Coach Tujague told Soifua that he would be keeping his eye on him during this upcoming season.
"He was just telling me that I have some wonderful footwork and good hands," Soifua said. "He was just telling me to keep working on my footwork. I told him that I was going to go on my mission and he told me that he was happy to hear that and that I was a great player. He was just telling me he was going to come watch us when Alta plays against Bingham because that's one of the top rivalry games in Utah. He said he's going to come watch me, so I know I'm going to just go kill it out there."
Soifua is focused and will prepare himself well prior to his contest with Bingham High School.

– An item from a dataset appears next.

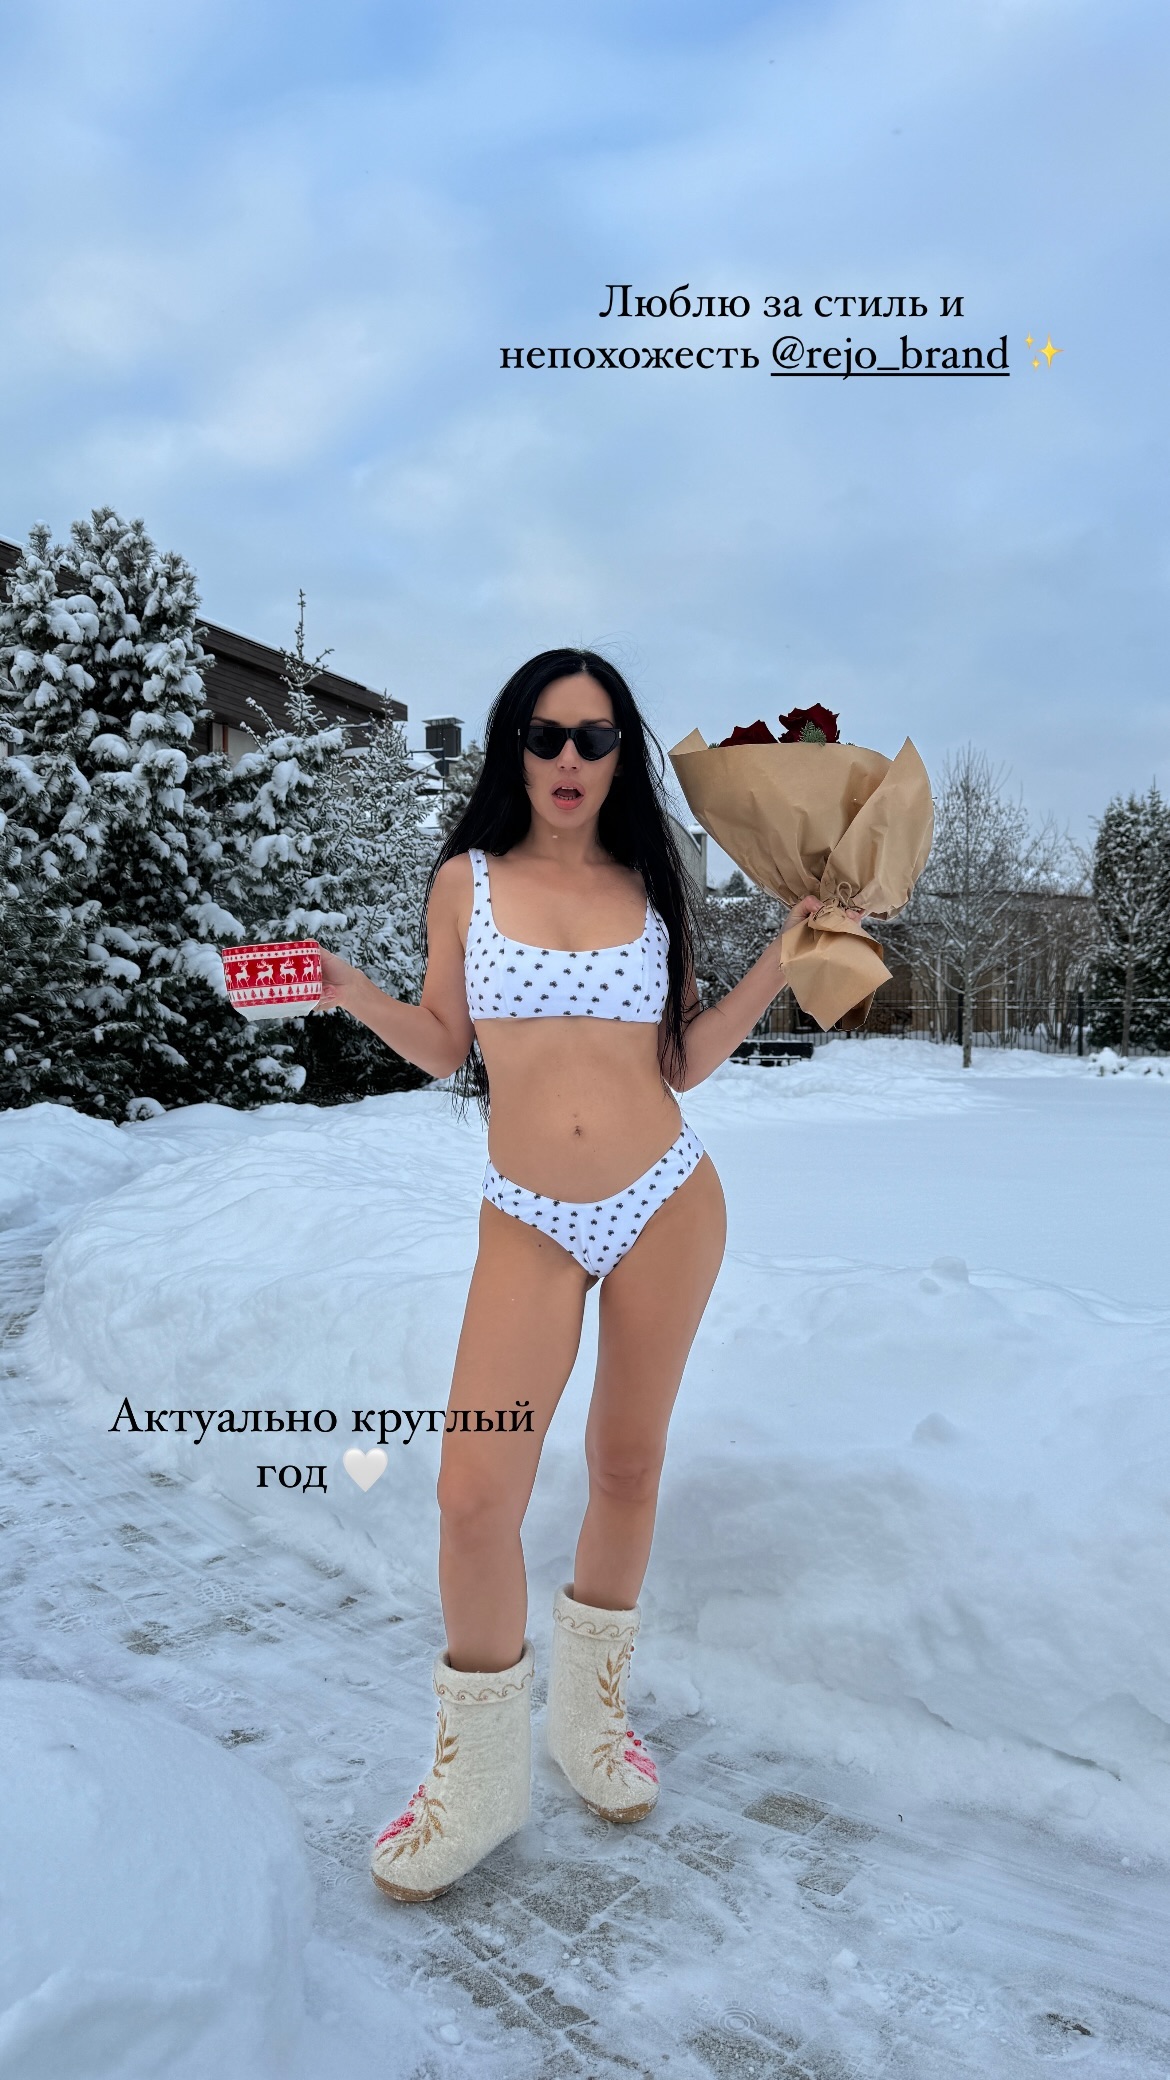 Прогулявшись по сугробам в трусиках, Ольга Серябкина показала, что у неё верхняя одежда и нижнее белье в едином стиле. Топ фото и видео зимних забав Ольги Серябкиной
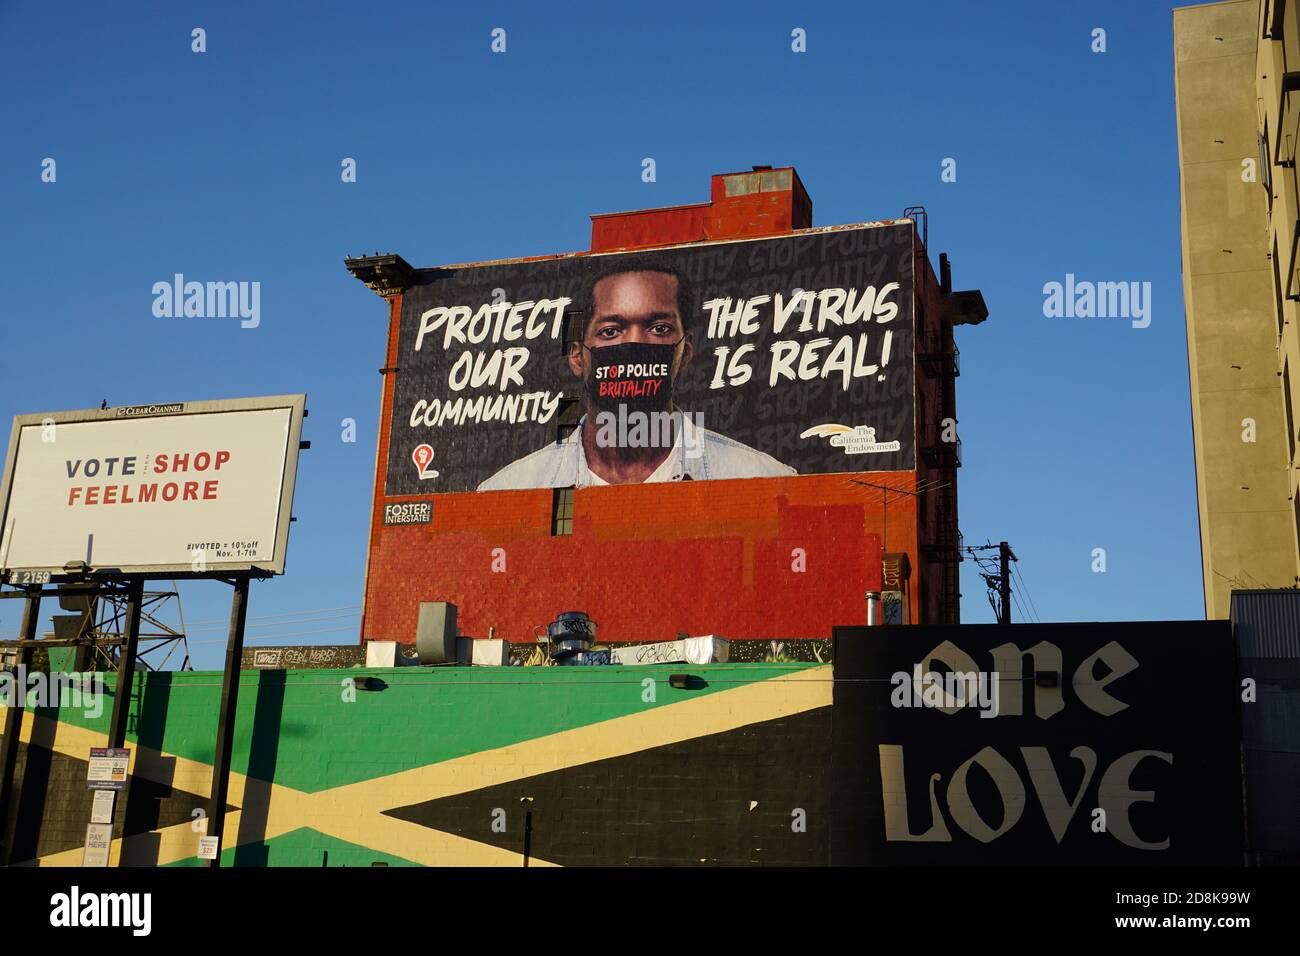 Plakatwände in der Innenstadt von Oakland, CA, USA. Plakatwand für schwarze Gemeinschaft, um covid öffentliches Gesundheitsbewusstsein zu erhöhen. Schwarze Leben Sind Wichtig. Virus ist real. Stockfoto

Knowing that Coach Tujague will be in the stands, Soifua hopes his performance then – and throughout the season – will warrant him a BYU scholarship offer.
"BYU is such a great school and it's a college that represents me and my faith," Soifua said. "Ever since me and my older brother [T.J.] – who is getting ready to go on his mission – were younger, we loved BYU. I'm hoping I can do well enough to get a scholarship from BYU.
"My uncle Jake Fitisimanu always told me and my brother since we were little that's where he wanted us to go to. Man, it's just a great school and my brother wanted to go play at BYU. He is going on his mission now, but he wants to come back and try and walk-on when he gets home."
"BYU is a college where kids who have great values want to go to," said Fehoko. "It's a college where LDS kids, or kids like JonRhyeem Peoples or Kahlil Bell, feel they can be a part of a program that represents who they are. It's a place where kids who want a great environment can go and stay straight with their morals and values. It's a program that stands for more than just football and that's why kids like Josh are hoping that he can get that BYU scholarship."
Fehoko received his BYU scholarship offer while Soifua was at BYU's camp. Soifua recalled how happy Fehoko was when he received the offer.
"Oh yeah, he was very excited," said Soifua. "He's one talented kid and I think he was really happy that he received the chance to go there if he wanted to. I'm just happy for him that he got that BYU scholarship, and I'm happy that he and his family are a part of my life because I know Breiden can help me be the best I can be too."
"[Soifua] talked a lot about how he wants to be where I'm at and things like that, but I just told him to make sure you stay focused and do things the right way and you'll be blessed for it," Fehoko said. "I just told him to keep working hard and put the Lord first in your life and everything will work out for the better."
Jerry is also hoping that his son will one day have a scholarship offer from BYU.
"Yes, he's hoping too, just because he loves that school and it's a Mormon school and he loves the Church," Soifua said. "It's just a special place and he knows that it's a place with good academics. I have a 3.4 GPA right now but I want to raise that to around a 3.9, so my dad knows that if I go to a college like BYU that I'll continue to stay focused in the classroom."
Time will tell if that will happen or not. But one thing is certain, and that is that Soifua is going to continue to work hard in an effort to make his dream a reality.